A pump according to claim 5 wherein the inner surface of the port member is radially spaced from the shaft to provide a clearance (50c) between the port member and the shaft, and wherein the bypass conduit comprises a first portion (50b) extending through the port member from the bypass conduit inlet to the clearance; the clearance; and a second portion (50d) extending through the port member from the clearance to the bypass conduit outlet.
A pump according to claim 7 further comprising: means (76,78,80,86,90,96,18,38) for supplying additional pumping liquid to the bypass conduit at a pressure approximately equal to the pressure of the gas at the gas outlet so that when a sufficient gas pressure differential has been established between the gas inlet and gas outlet, the additional pumping liquid is pulled into the pump by the relatively low pressure adjacent the bypass conduit outlet.

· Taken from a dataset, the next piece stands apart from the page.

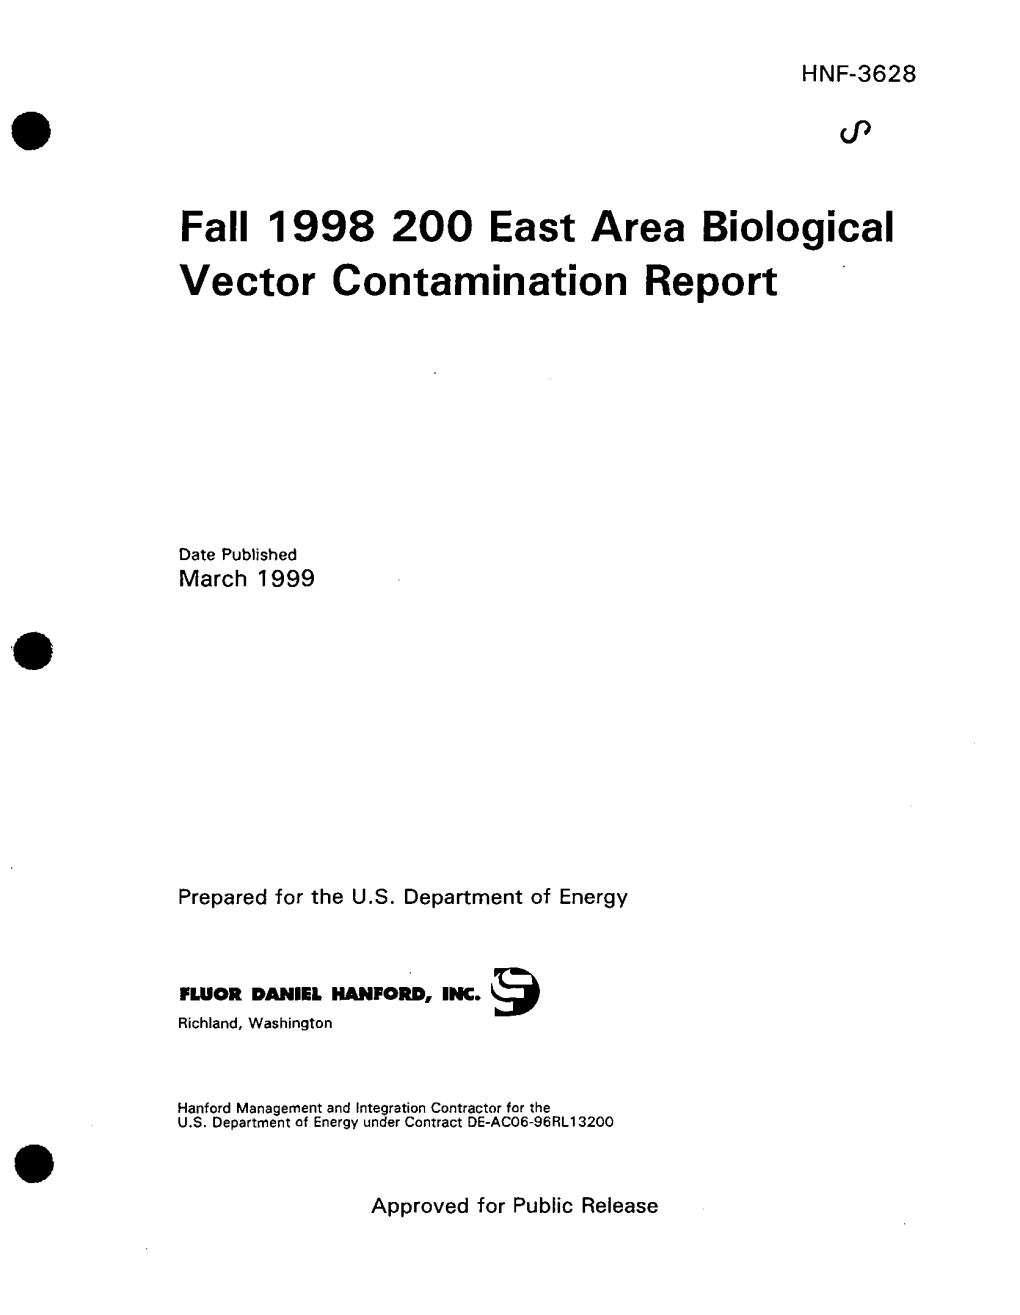 Fall 1998 200 East Area Biological Vector Contamination Report
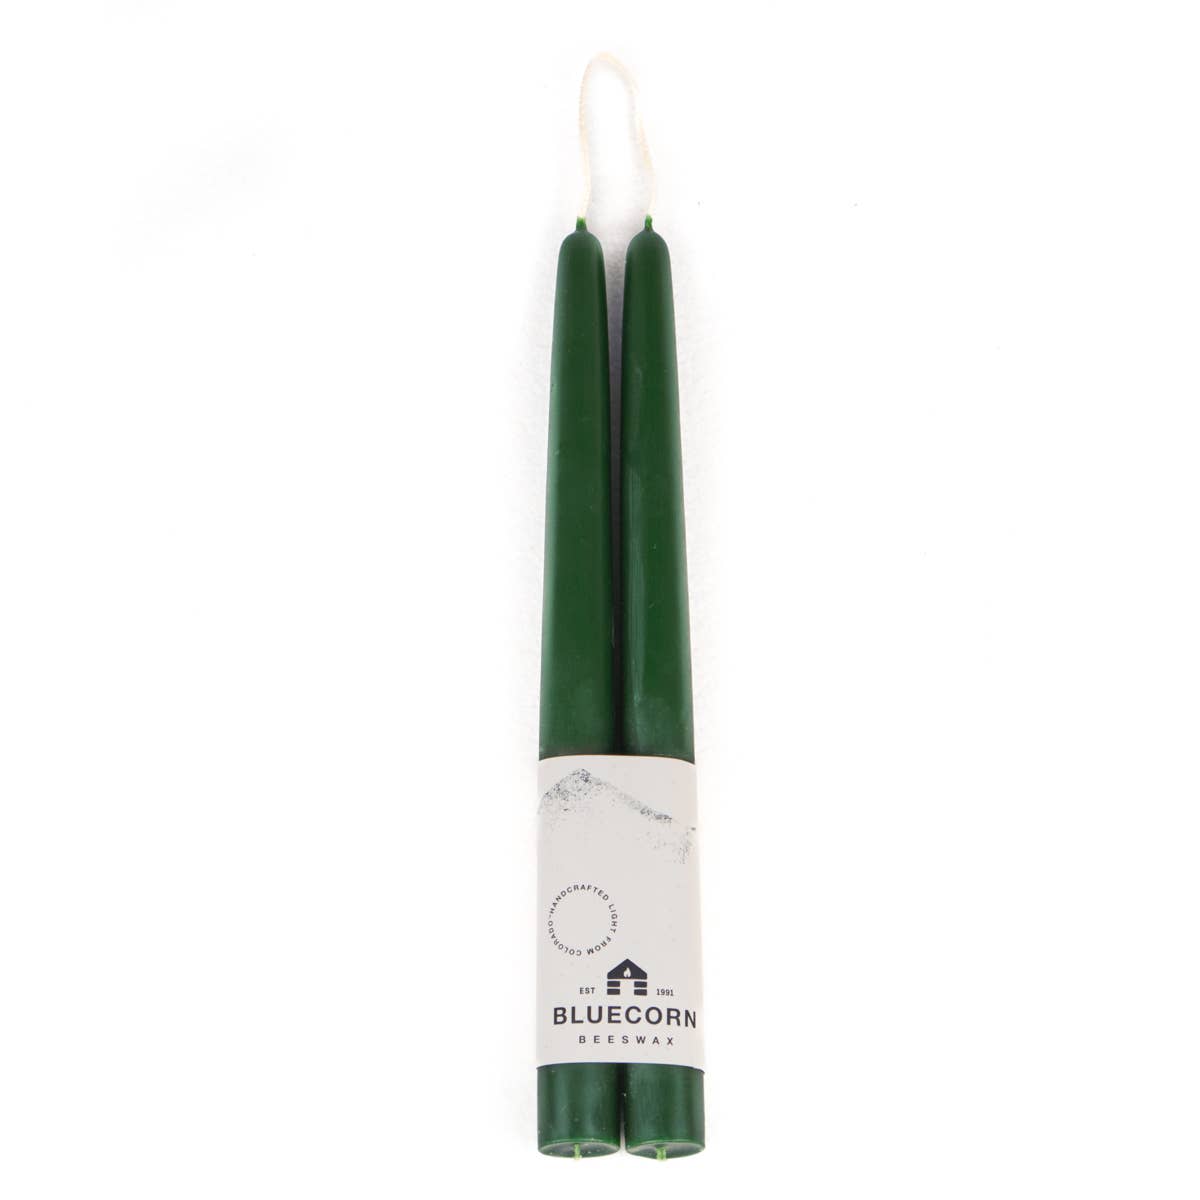 Pair of Hand-Dipped Beeswax Taper Candles: 8" / Black Bluecorn Candles

A pump according to claim 8 wherein the means for supplying additional pumping liquid is connected to the clearance.
A method of operating a liquid ring pump according to claim 1 comprising the steps of providing in the pump while the rotor is at a standstill a quantity of pumping liquid sufficient to submerge the bypass conduit inlet; rotating the rotor to create a relatively high pressure in the pumping liquid adjacent to the bypass conduit inlet, and to thereby cause pumping liquid to flow from the bypass conduit inlet through the bypass conduit and out the bypass conduit outlet to help enable the pump to reduce the gas pressure adjacent to the gas inlet relative to the gas pressure at the gas outlet; and supplying additional pumping liquid (96,18,38,52) to the pump at approximately the gas pressure at the gas outlet so that the reduced gas pressure adjacent the gas inlet is effective to pull the additional pumping liquid into the pump.
A method according to claim 10 wherein the additional pumping liquid is supplied to the pump via the bypass conduit.
A method according to claim 10 wherein the bypass conduit inlet communicates with any gas not discharged via the gas outlet, and wherein the method further comprises the step of; employing the bypass conduit to convey gas not discharged via the gas outlet to the bypass conduit outlet, thereby preventing the gas thus conveyed from interfering with the admission of gas via the gas inlet.
A method of operating a liquid ring pump according to claim 5 comprising the steps of; providing in the pump while the rotor is at a standstill a quantity of pumping liquid sufficient to submerge the bypass conduit inlet but not the bypass conduit outlet; rotating the rotor to create a relatively high pressure in the pumping liquid adjacent to the bypass conduit inlet, and to thereby cause pumping liquid to flow from the bypass conduit inlet through the bypass conduit and out the bypass conduit outlet to help enable the pump to reduce the gas pressure adjacent to the bypass conduit outlet relative to the gas pressure at the discharge port; and supplying additional pumping liquid (96,18,38) to the bypass conduit at approximately the discharge port gas pressure so that the reduced gas pressure adjacent the bypass conduit outlet is effective to pull the additional pumping liquid into the pump via the bypass gas outlet.
A method according to claim 13, wherein the bypass conduit inlet communicates with any gas not discharged via the discharge port, and wherein the method further comprises the step of; employing the bypass conduit to convey gas not discharged via the discharge port to the bypass conduit outlet, thereby preventing the gas thus conveyed from interfering with the admission of gas via the gas inlet.